Diathermy artifacts: This can cause difficulty because the lesion may not be diagnosable if the artifact is too severe. In addition, the stringing artifact of nuclei can make the nuclei hyperchromatic and larger, resulting in misinterpretation as an adenoma (Fig. 20-30). When the changes are marked, interpretation should be avoided with a comment like “marked cautery artifacts preclude proper classification of the polyp.” If the diathermy changes are mild, the best interpretation is given, and one may suggest in the report that the diagnosis is difficult because of changes induced by the diathermy.

Table 20-6 Comparison of Key Histologic Features Between Various Types of Serrated Polyps

							NUCLEAR FEATURE
TYPE OF SERRATED POLYP		GROWTH PATTERN	SIZE	SHAPE OF CRYPTS	SERRATIONS	CELL TYPES	NUCLEAR SHAPE AND CHROMATIN	MITOSIS AND CEL PROLIFERATION	DYSPLASIA
1) Hyperplastic polyps
	MVHP	Sessile	<5 mm	Carrot shaped, straight	Present, most prominent near the top half	Microvesicular mucin-containing cells with interspersed goblet cells	Oval	Basal one-third, symmetric	None
	GCHP	Sessile	<5 mm	Carrot shaped, straight	Minimal near the surface or absent	Predominantly goblet cells	Oval	Basal one-third, symmetric	None
	MPHP	Sessile	<5 mm	Carrot shaped, straight	Present same as MVHP	Cells with no mucin	Oval	Basal one-third, symmetric	None
2) SSP		Sessile	>5 mm	Basal dilatation with flask or boot shaped, inverted “T” or “l” shaped crypts	Present, more toward the base in the dilated crypts	Microvesicular mucin-containing cells with interspersed goblet cells	Oval	Basal two-third, asymmetric distribution of proliferative zone, and abnormal maturation of cells at the base	None
3) SSP with dysplasia Serrated dysplasia Adenomatous dysplasia		Same as SSP	Same as SSP	Same as SSP	Same as SSP	Same as SSP or eosinophilic Same as conventional adenoma	Pencillate Oval to round, larger, hyperchromatic	Involving the entire crypt, including the surface in the dysplastic areas	Present
4) TSA		Villiform	>1 cm	Ectopic crypt formation	Present throughout the crypts with some heterogeneity	Eosinophilic cells with fewer goblet cells	Pencillate	Basal half or two-third of the crypts, including the ectopic crypts	Present
MVHP, microvesicular hyperplastic polyp; GCHP, goblet cell rich hyperplastic polyp; MPHP, mucin poor hyperplastic polyp; SSP, sessile serrated polyp; TSA, traditional serrated polyp.

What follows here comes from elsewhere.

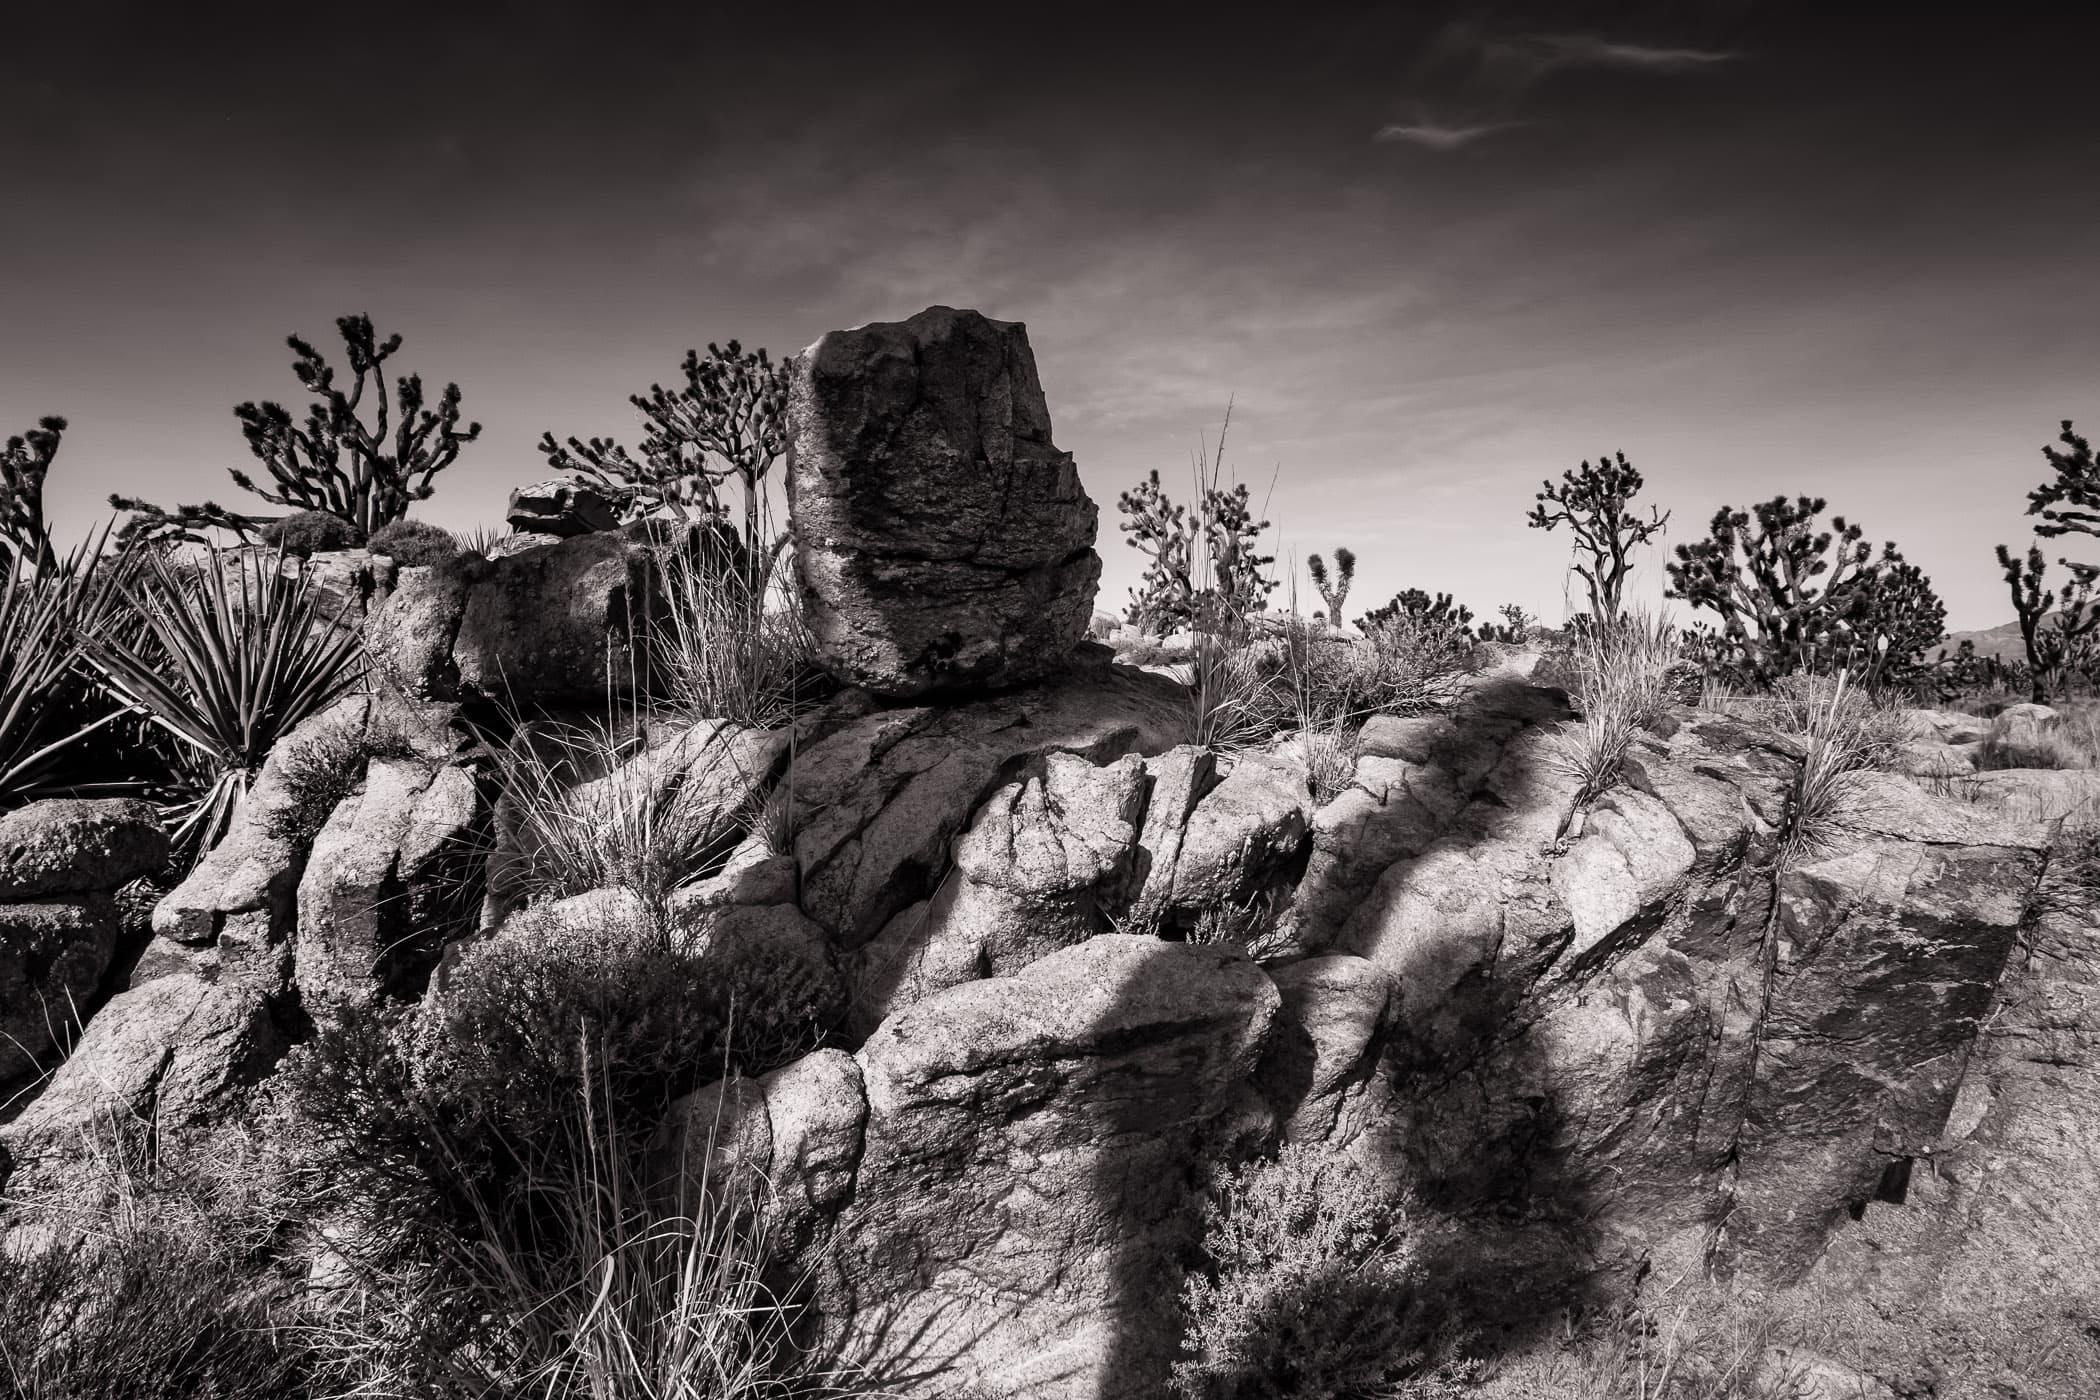 A Joshua tree casts as shadow on rocks at California's Mojave National Preserve.
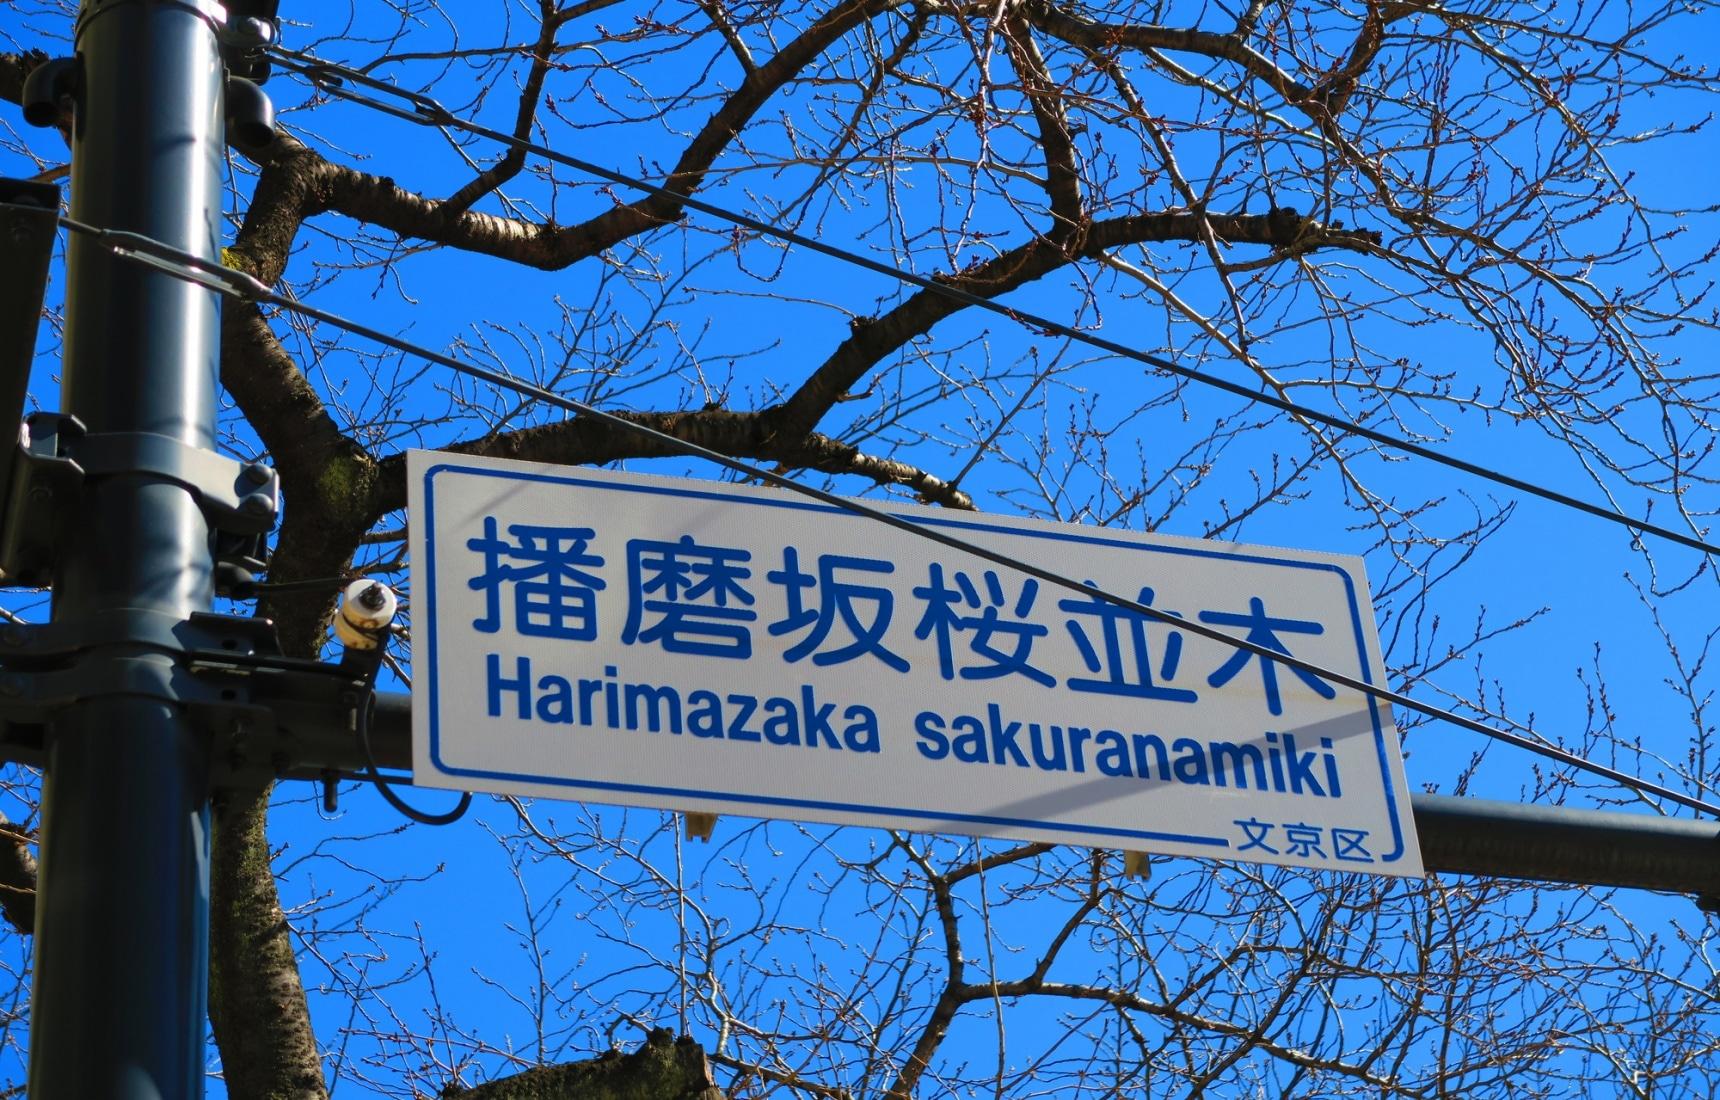 Harima Zaka: Tokyo Sakura without the Crowds!

Figure 20-29. Possible unclassified polyps. A: Serrated polyp with irregular architecture that does not readily classify easily as either a hyperplastic polyp or SSP. B: Serrated polyp with the architecture of a juvenile/inflammatory type polyp but otherwise entirely serrated and nondysplastic. C: Serrations can be seen very prominently in crypts covered with granulation tissue in inflammatory cap-like polyps shown here at low magnification and detail (D). While it is easy to call it an inflammatory polyp, which it may well be, the enhanced orderly serrations are unusual in inflammatory polyps. If interpreted as an inflammatory polyp, possible precipitating factors (IBD, NSAIDs, juvenile polyps) need to be considered.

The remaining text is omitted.